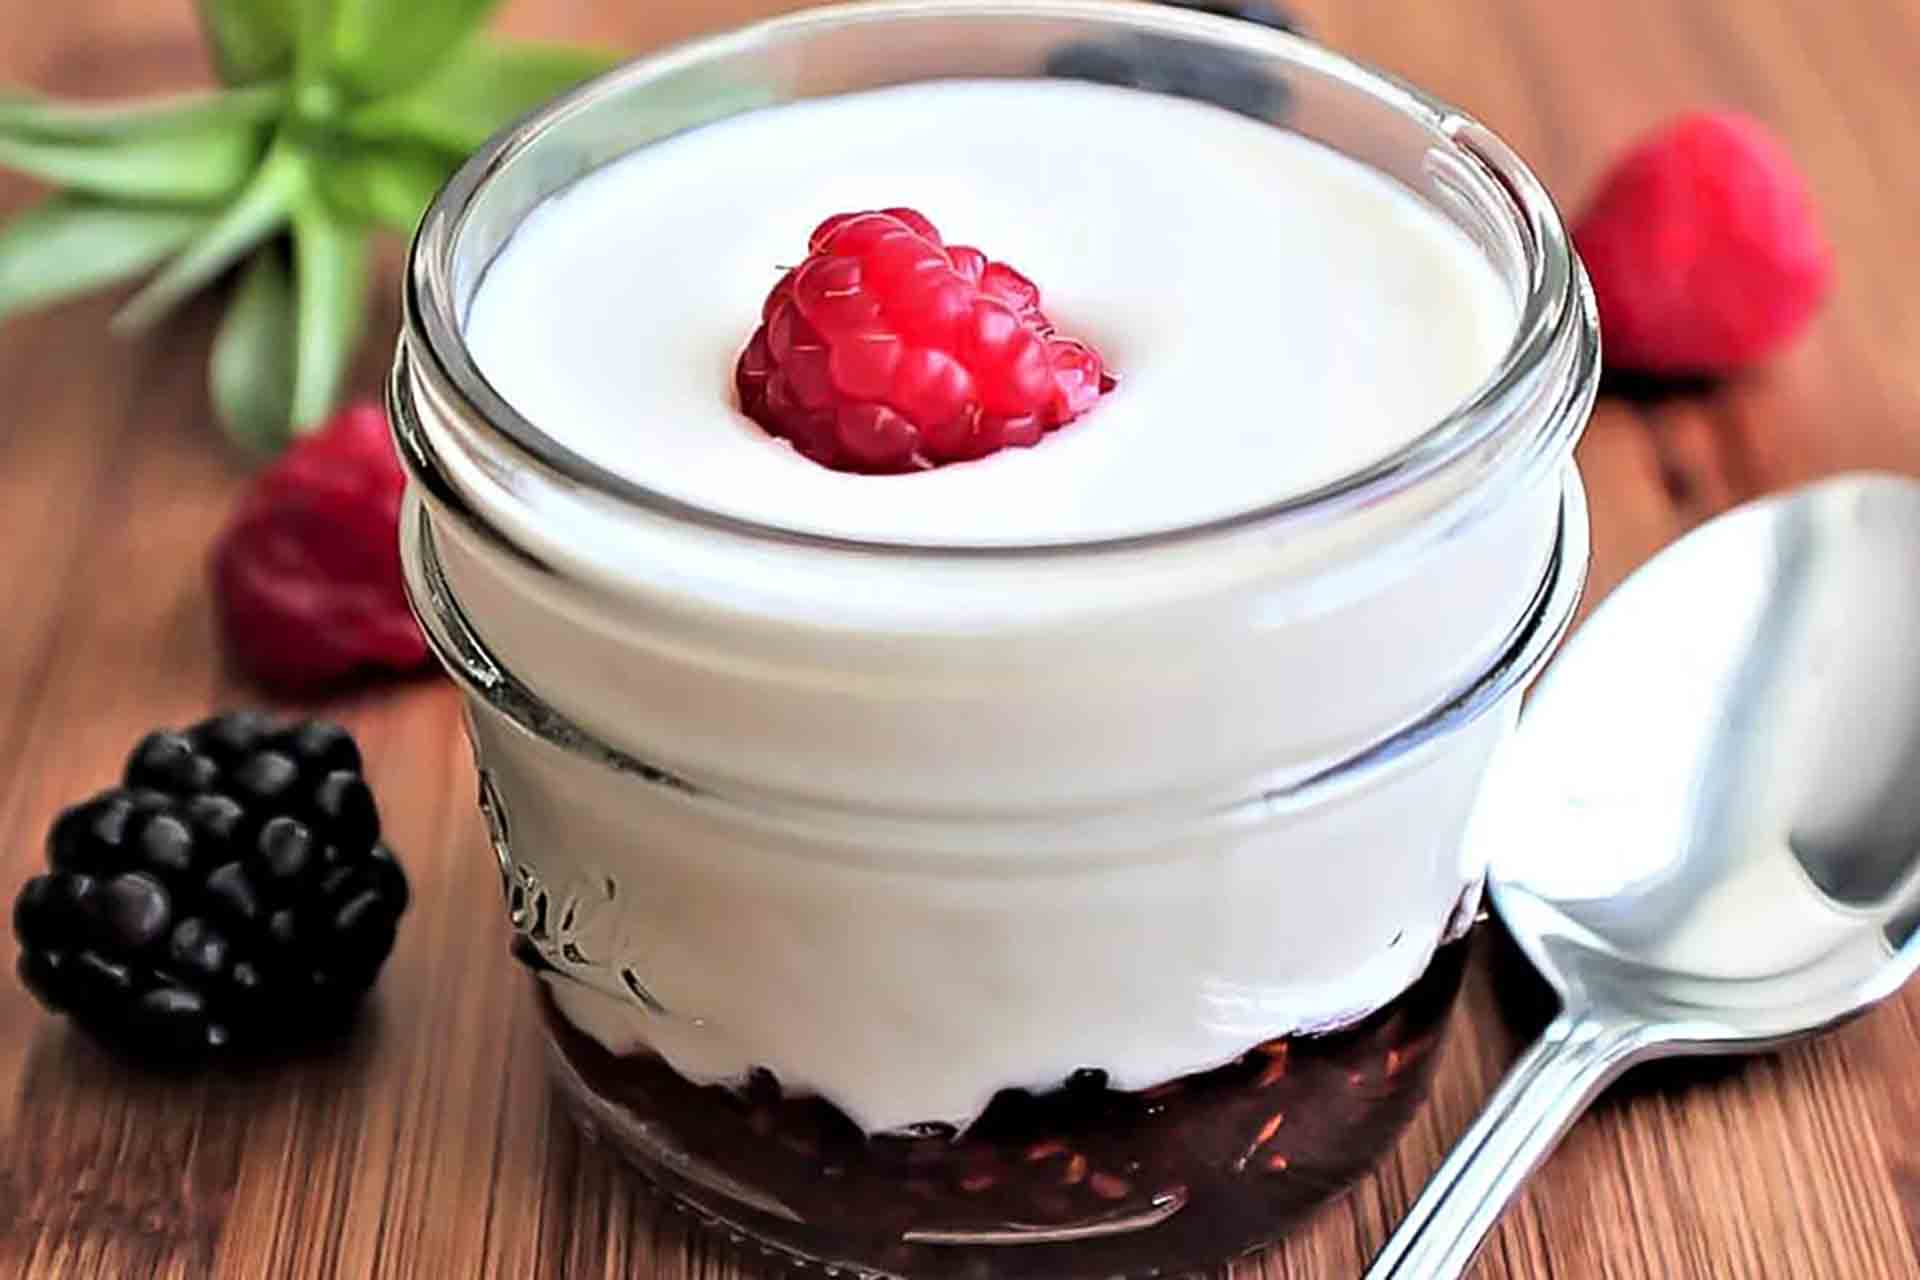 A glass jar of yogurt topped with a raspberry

+++

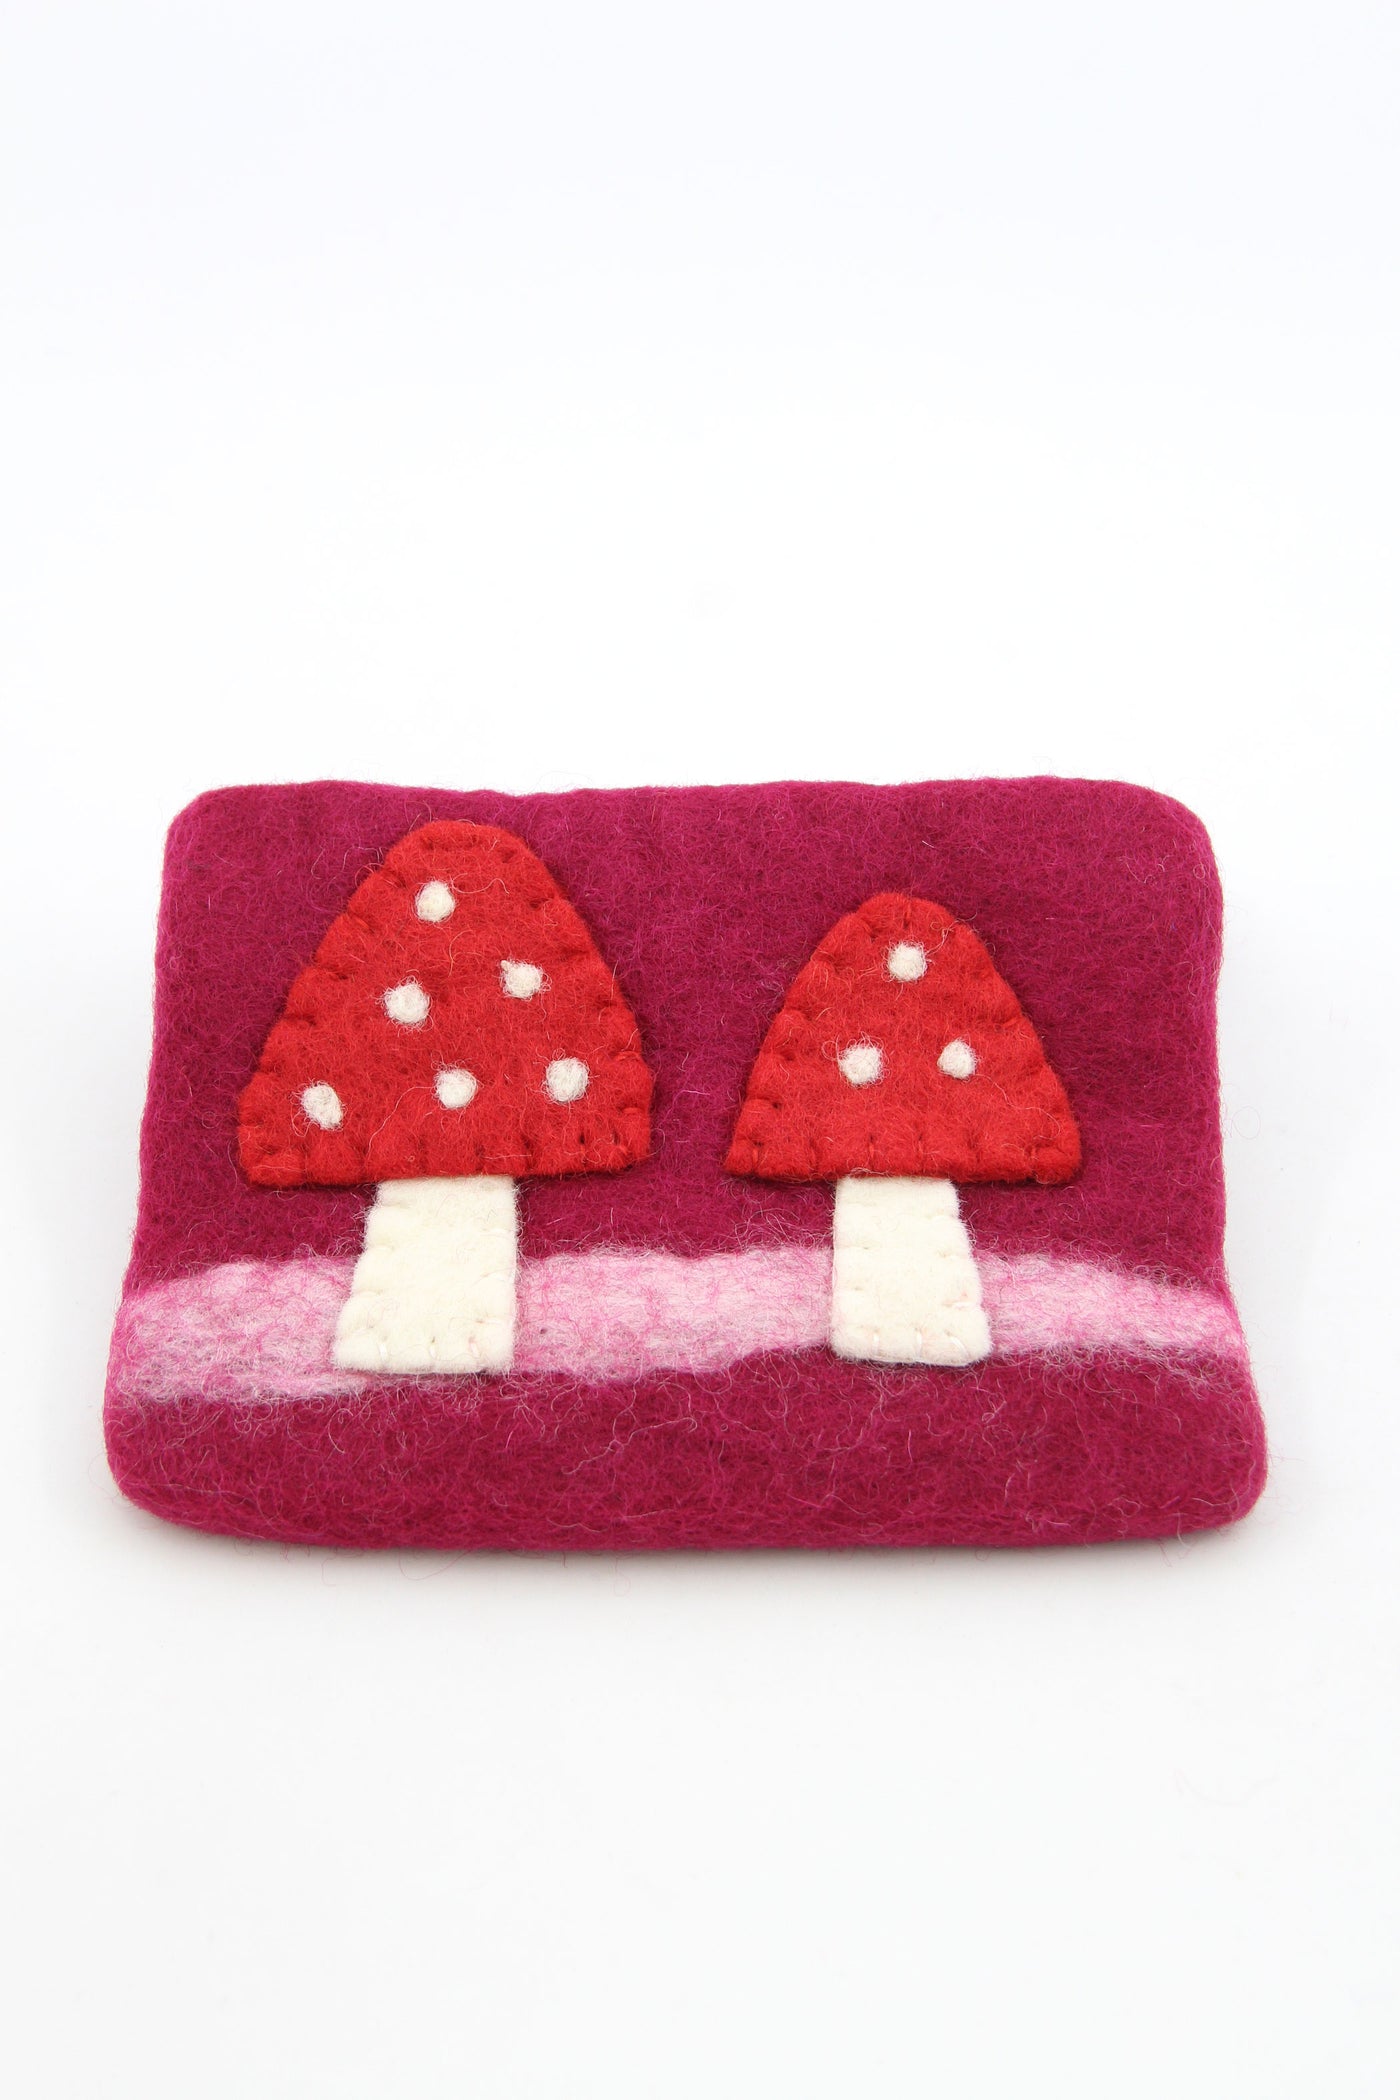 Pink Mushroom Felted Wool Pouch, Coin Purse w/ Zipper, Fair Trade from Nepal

+++

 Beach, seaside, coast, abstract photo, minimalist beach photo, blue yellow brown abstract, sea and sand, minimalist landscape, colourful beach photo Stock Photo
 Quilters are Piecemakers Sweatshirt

+++

## [WHAT YOU ARE ASKED TO DO]
Return, with no change at all, every line in the entries above from the line containing "Beach, seaside, coast, abstract" through the line containing "Quilters are Piecemakers Sweatshirt".

## [RESPONSE BOX]
 Beach, seaside, coast, abstract photo, minimalist beach photo, blue yellow brown abstract, sea and sand, minimalist landscape, colourful beach photo Stock Photo
 Quilters are Piecemakers Sweatshirt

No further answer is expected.